How interesting.  Look what I found here   and had forgotten about it completely.   I did this four years ago when I first signed up with TUG but will remove it right now.  I found another web page too but it wasn't on the first page like this one.

I am glad you posted this.


----------



## TUGBrian (Jun 14, 2007)

why remove it? =)


heck id love to see every user with a website put that page up!  Ill even offer a 6mo renewal for all those that do and send me the link!


----------



## DeniseM (Jun 14, 2007)

TUG Improvements! said:


> Ill even offer a 6mo renewal for all those that do and send me the link!



I'd rather have a free TUG Ad - is that an option?


----------



## TUGBrian (Jun 14, 2007)

absolutely!


----------



## taffy19 (Jun 15, 2007)

TUG Improvements! said:


> why remove it? =)
> 
> 
> heck id love to see every user with a website put that page up!  Ill even offer a 6mo renewal for all those that do and send me the link!


I already had removed the web page, Brian. I will put it back up again *if* I can use the user name instead of my real name. Is that OK and will I get a six months' renewal extension if I send you the link? I would be paid up for 3 1/2 more years with TUG as I renewed my subscription this week.  The forum is well worth it.  

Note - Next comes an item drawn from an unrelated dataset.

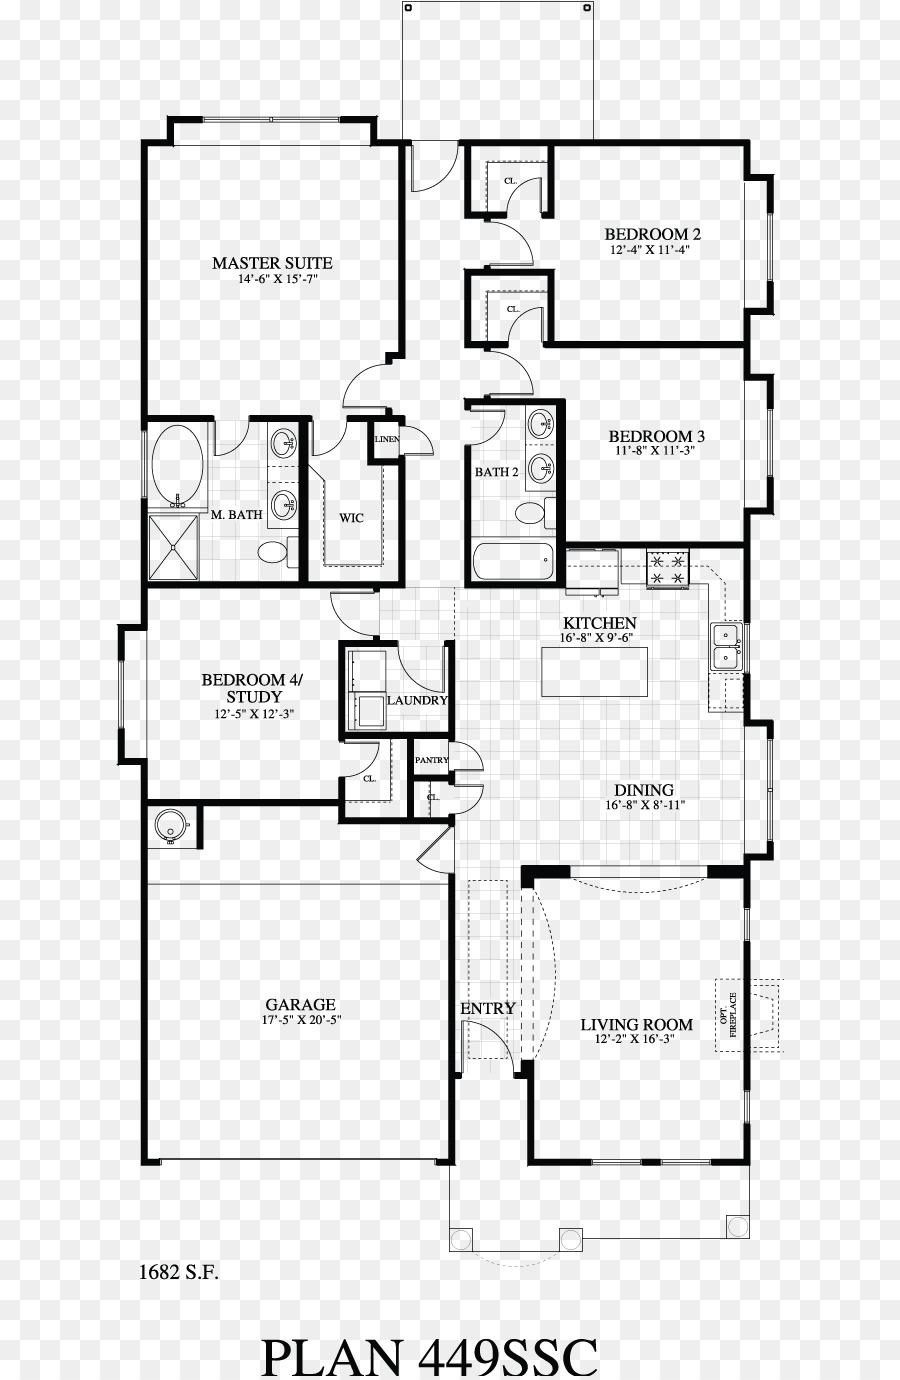 Saratoga homes el paso floor plans gurus floor for Saratoga homes floor plans
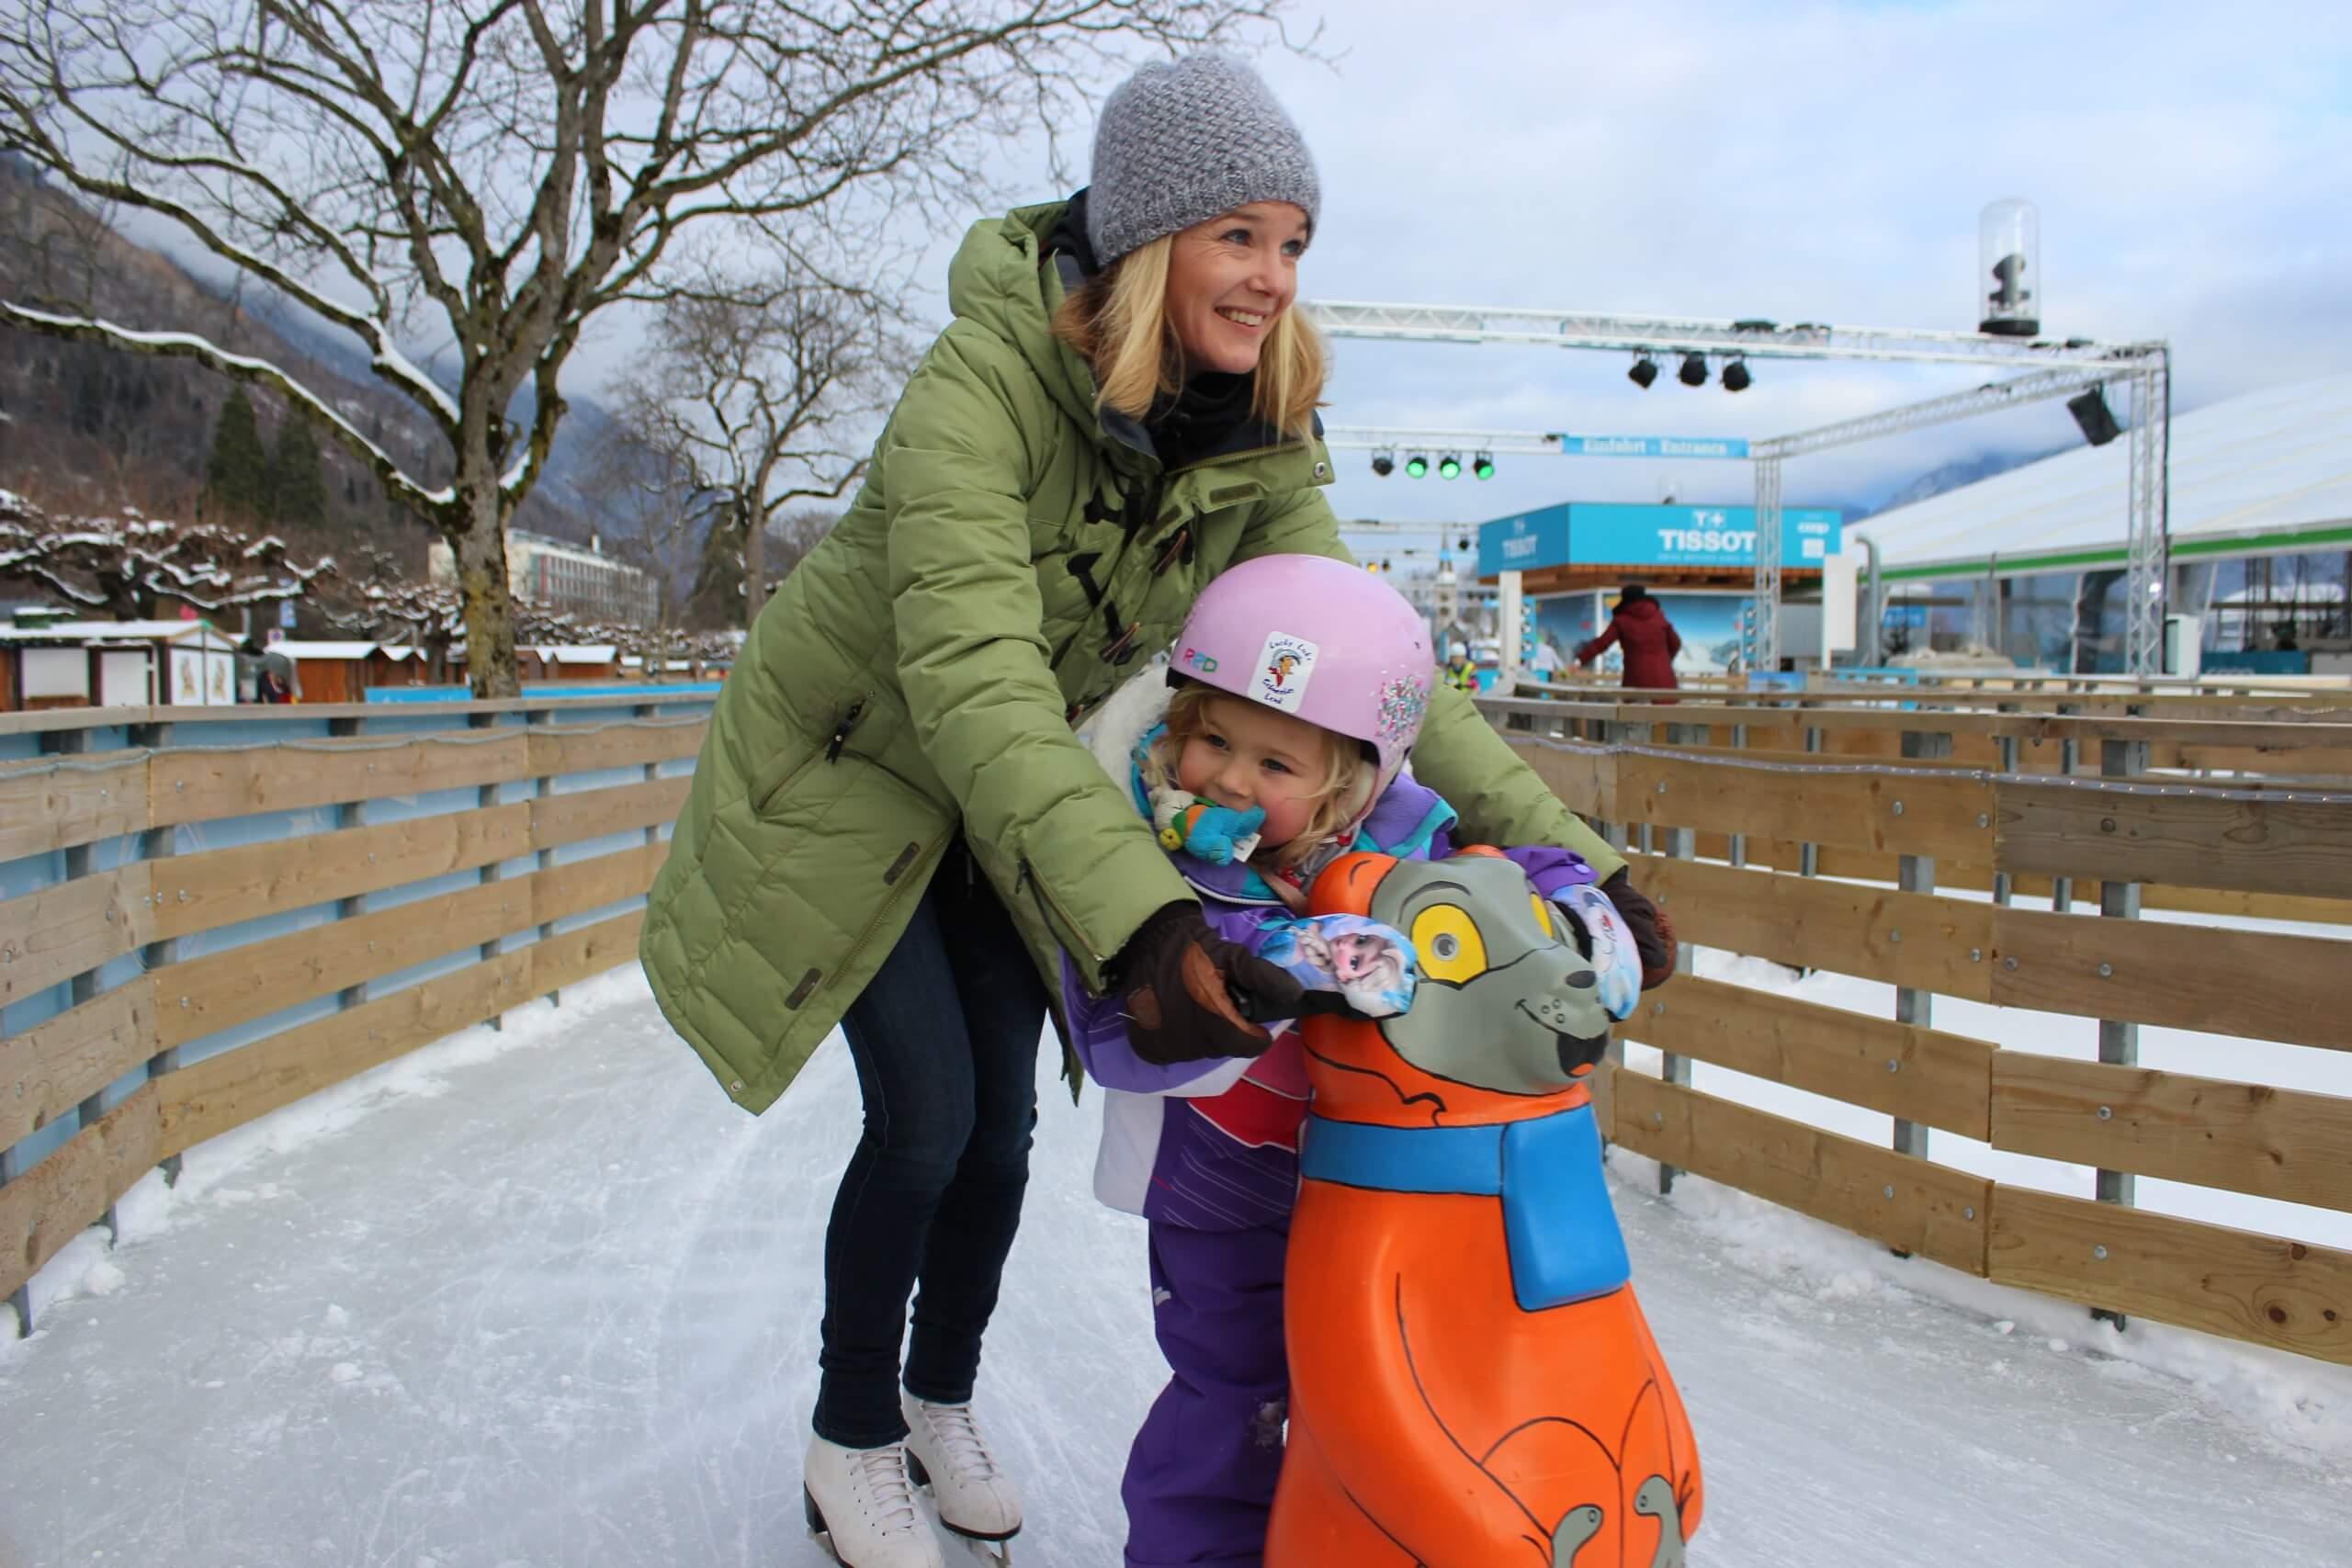 interlaken-top-of-europe-ice-magic-familie-schlittschuhlaufen-winter-eisweg-familienausfluege

In the TS4MS profile web page it shows how many referrals we have made.  Is it possible for TUG to do the same thing too?

Also, where can we keep track or find out how many free ads we have left?  I have never used one yet so should have four plus three additional ones for renewing again.  Do they expire after a certain time?


----------



## Mimi (Jun 15, 2007)

I asked that same question once and was told it was my responsibility to keep track of my free ads. Unfortunately, I'm clueless regarding all the people I have referred and how many renewals I have made!   I'm always plugging TUG at the pool and we have a dozen timeshares!


----------



## TUGBrian (Jun 15, 2007)

you can email me at tug@tug2.net for those questions.

Since they arent tied to your BBS memberships...id have to look that up separately.


----------